*SUPPLIED MATERIAL*.
BEGIN
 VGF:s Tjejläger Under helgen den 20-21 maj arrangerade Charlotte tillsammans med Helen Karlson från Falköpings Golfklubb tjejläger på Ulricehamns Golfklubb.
END
BEGIN
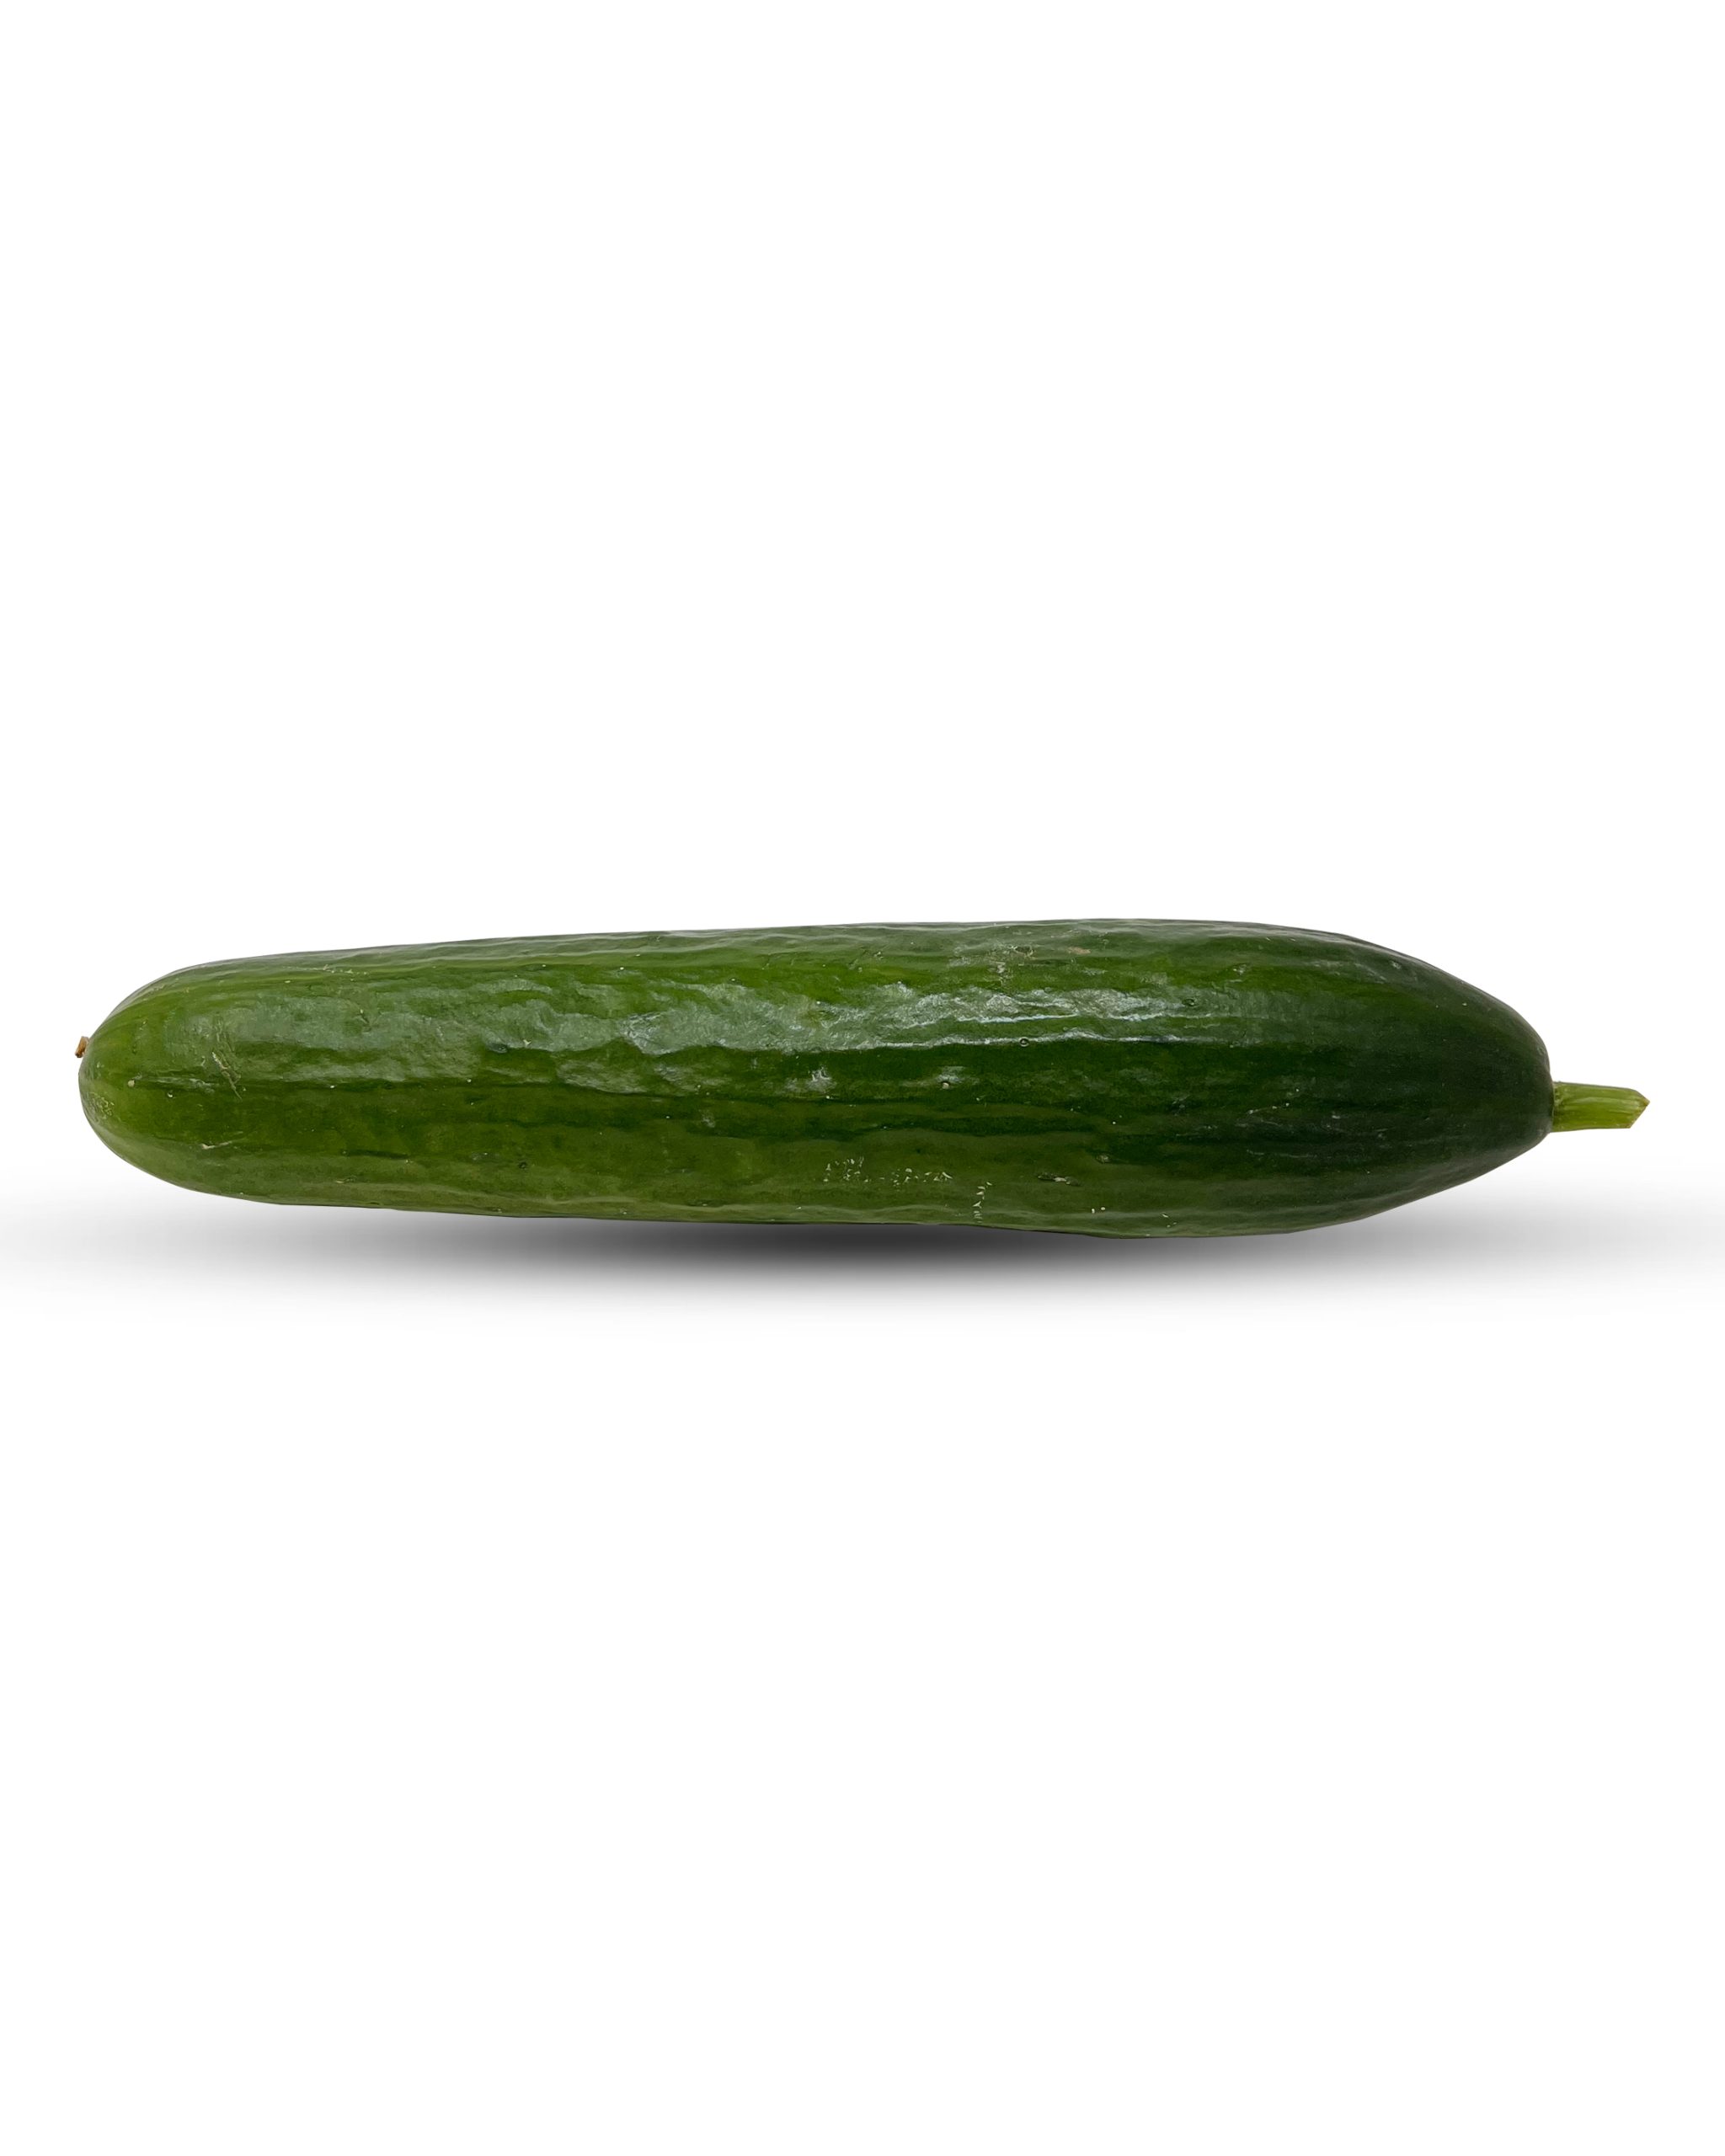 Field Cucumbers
END
BEGIN
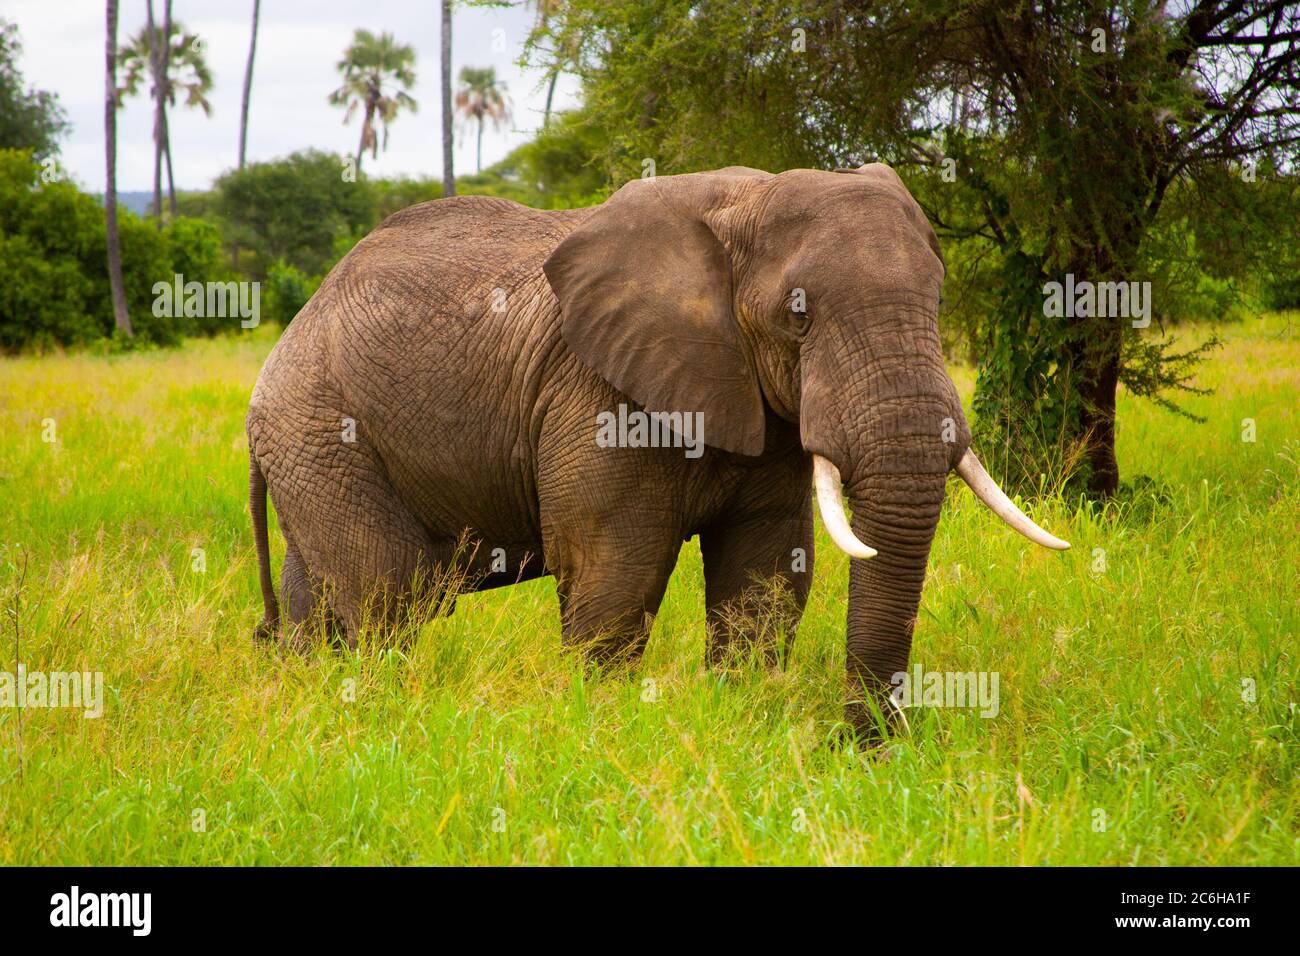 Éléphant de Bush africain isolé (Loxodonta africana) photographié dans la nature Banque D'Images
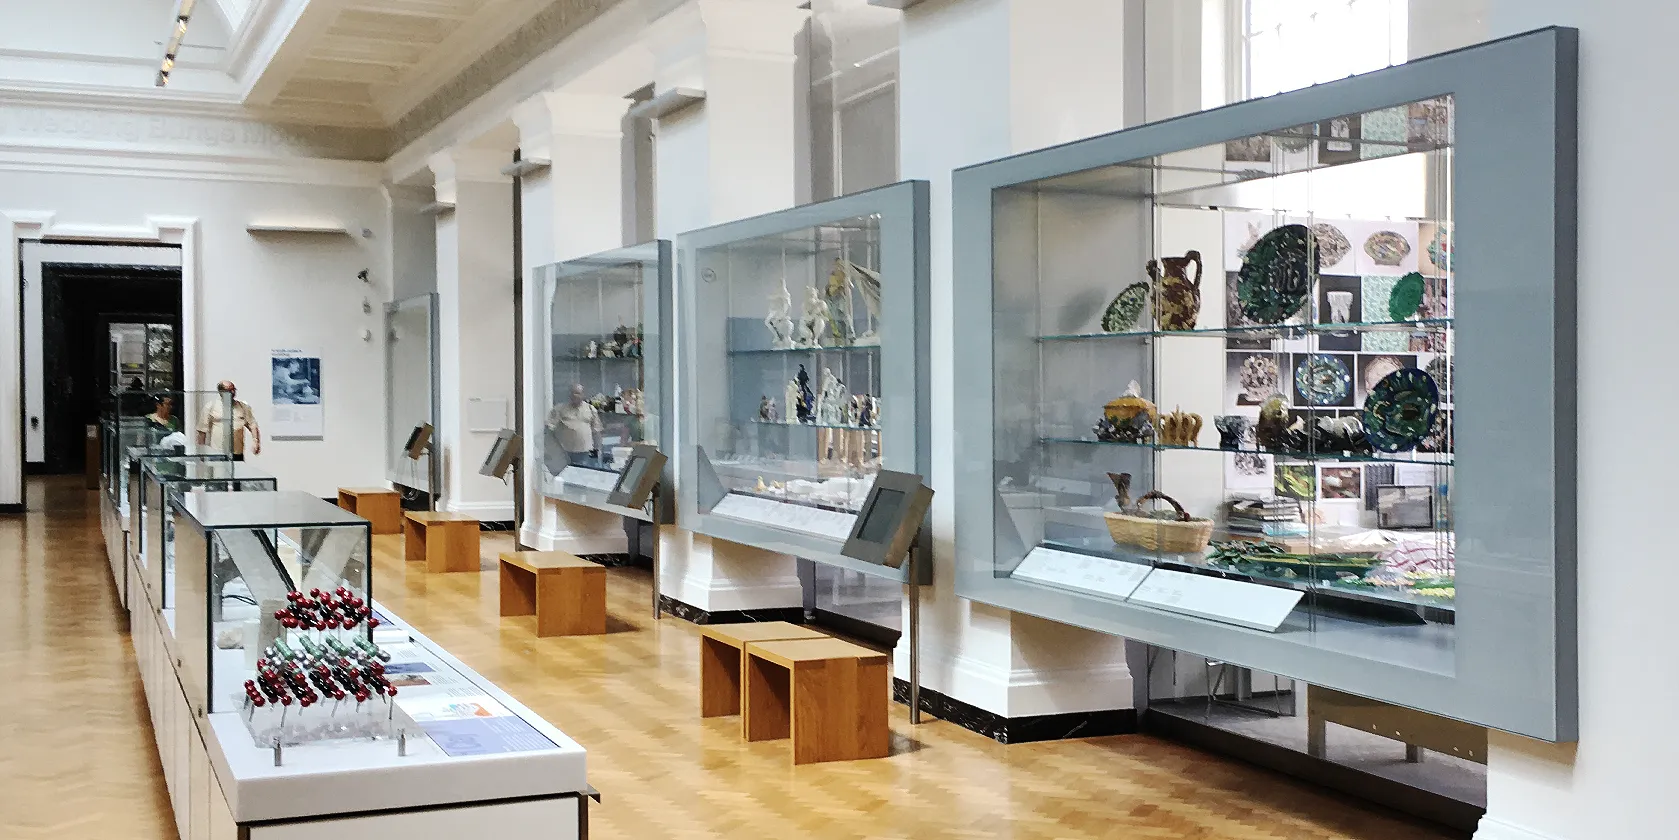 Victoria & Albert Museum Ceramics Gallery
END
*PROBLEM*. Repeat only the stretch of data above that runs from the line with "Éléphant de Bush" to the line with "Victoria & Albert Museum Ceramics Gallery". Keep both end lines; exclude pictures.

*EXERCISE SOLUTION*.
 Éléphant de Bush africain isolé (Loxodonta africana) photographié dans la nature Banque D'Images
 Victoria & Albert Museum Ceramics Gallery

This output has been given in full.